Required work = The full listing should be written out verbatim, and its images should be dropped.

Information provided =

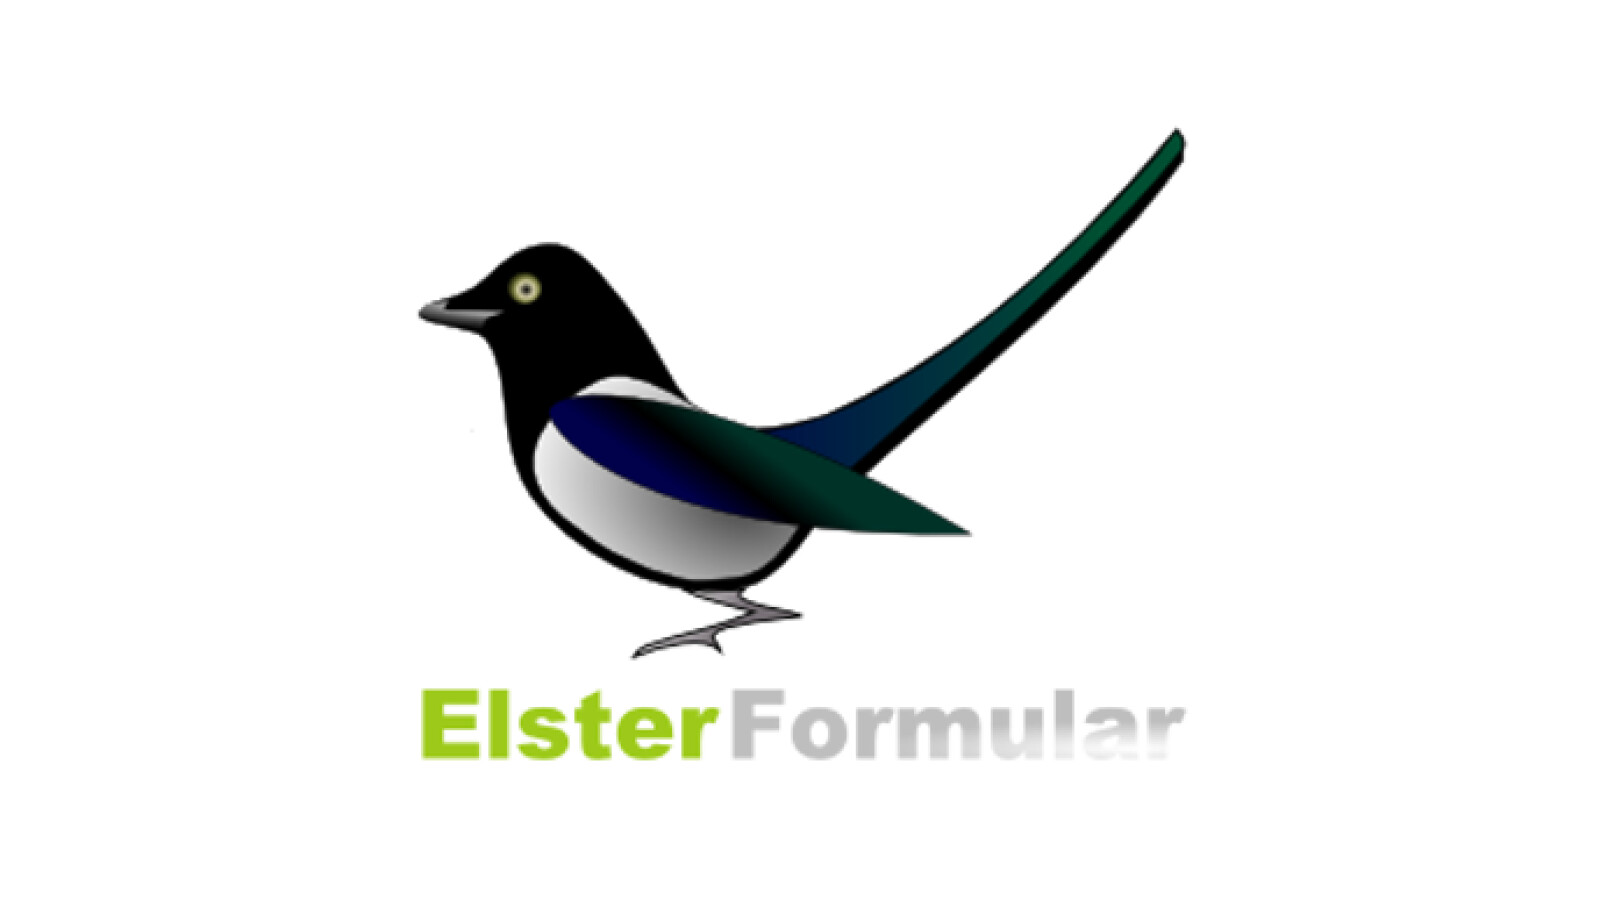 Gangguan di Elster: Saat ini, pengguna semakin berkutat dengan masalah
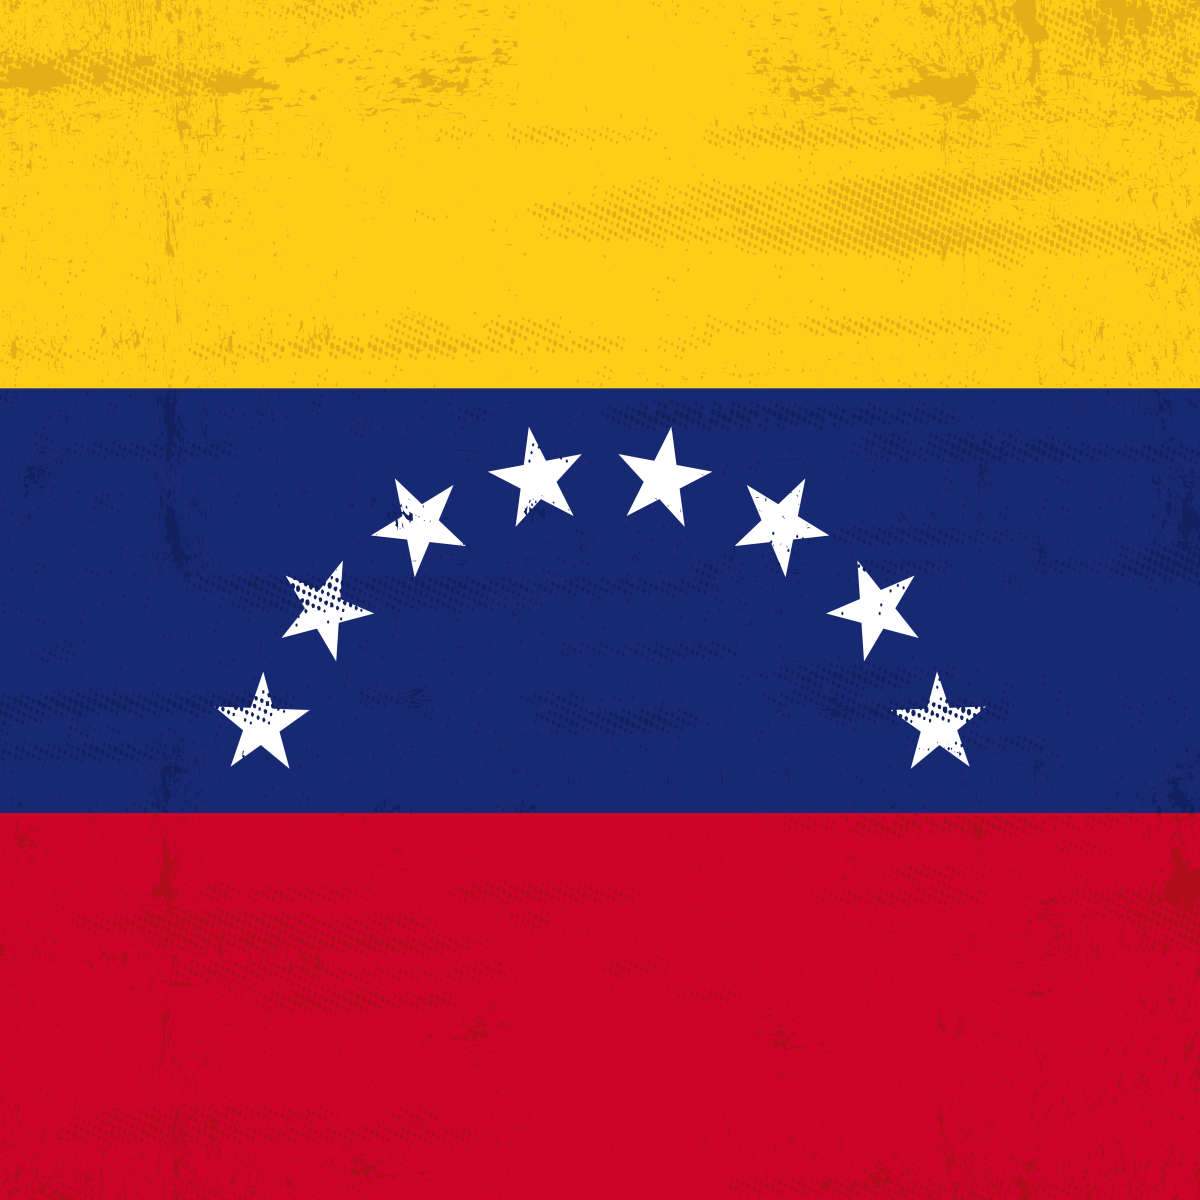 Venezuela Flags
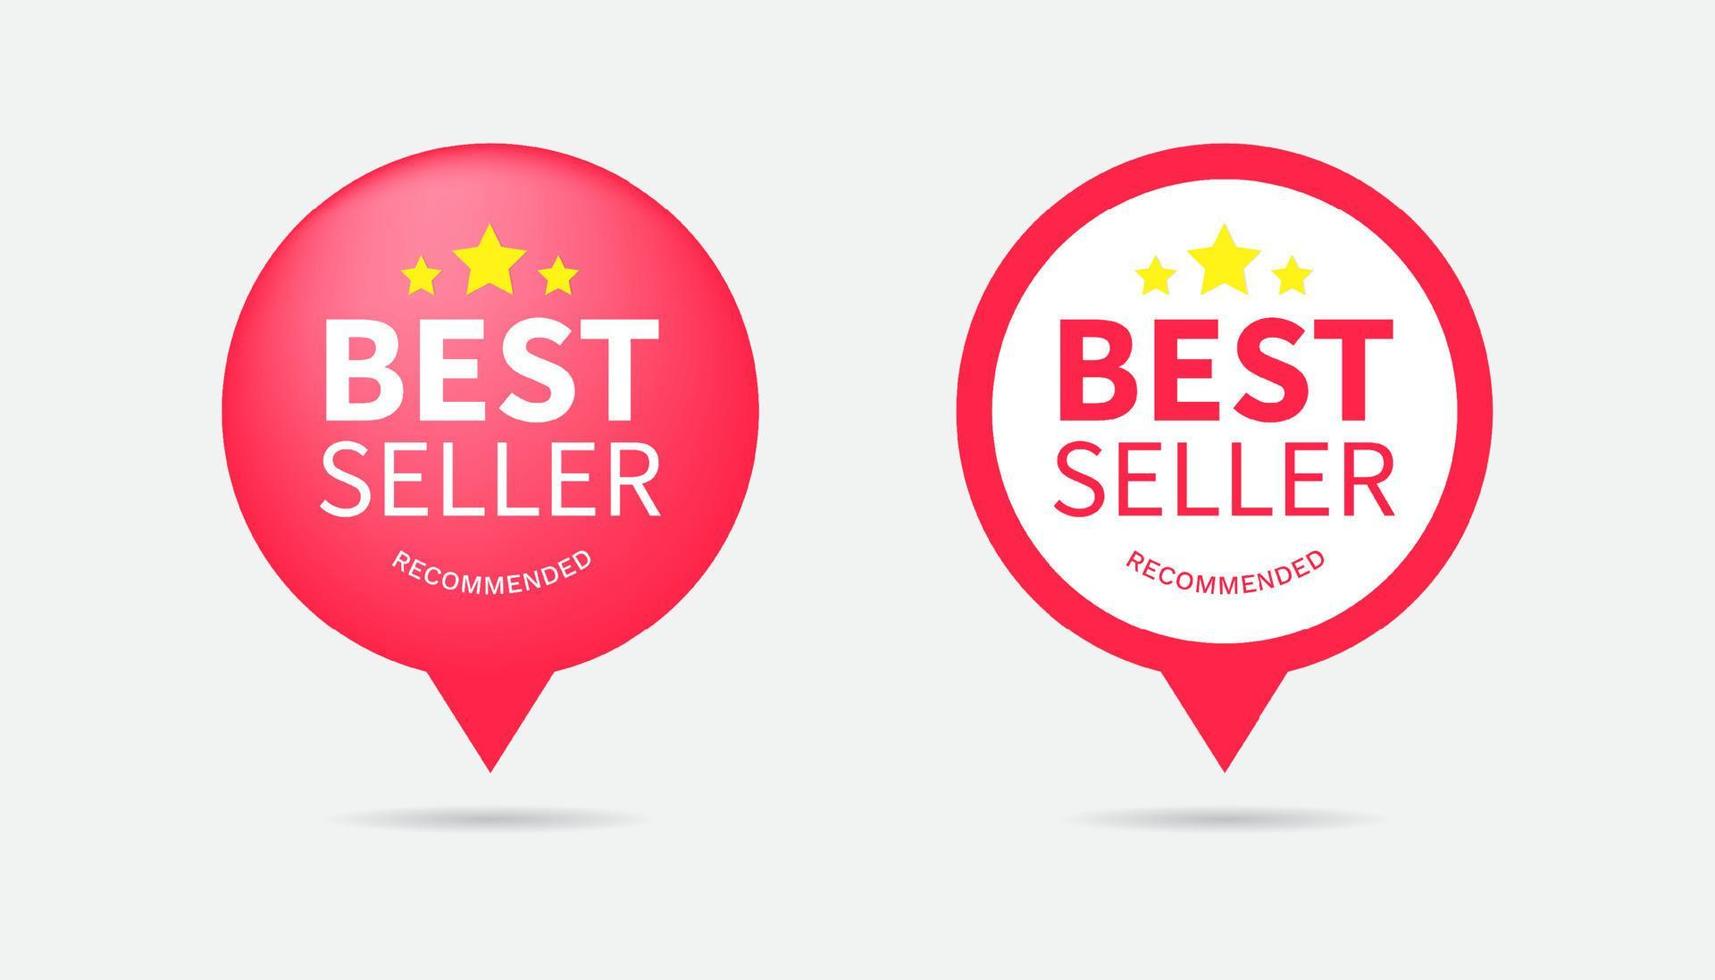 impostato di migliore venditore testo con Sorridi piace forma su rosso cerchio icona, creativo tipografia per attività commerciale, promozione e pubblicità vettore

Task result =
 Gangguan di Elster: Saat ini, pengguna semakin berkutat dengan masalah
 Venezuela Flags
 impostato di migliore venditore testo con Sorridi piace forma su rosso cerchio icona, creativo tipografia per attività commerciale, promozione e pubblicità vettore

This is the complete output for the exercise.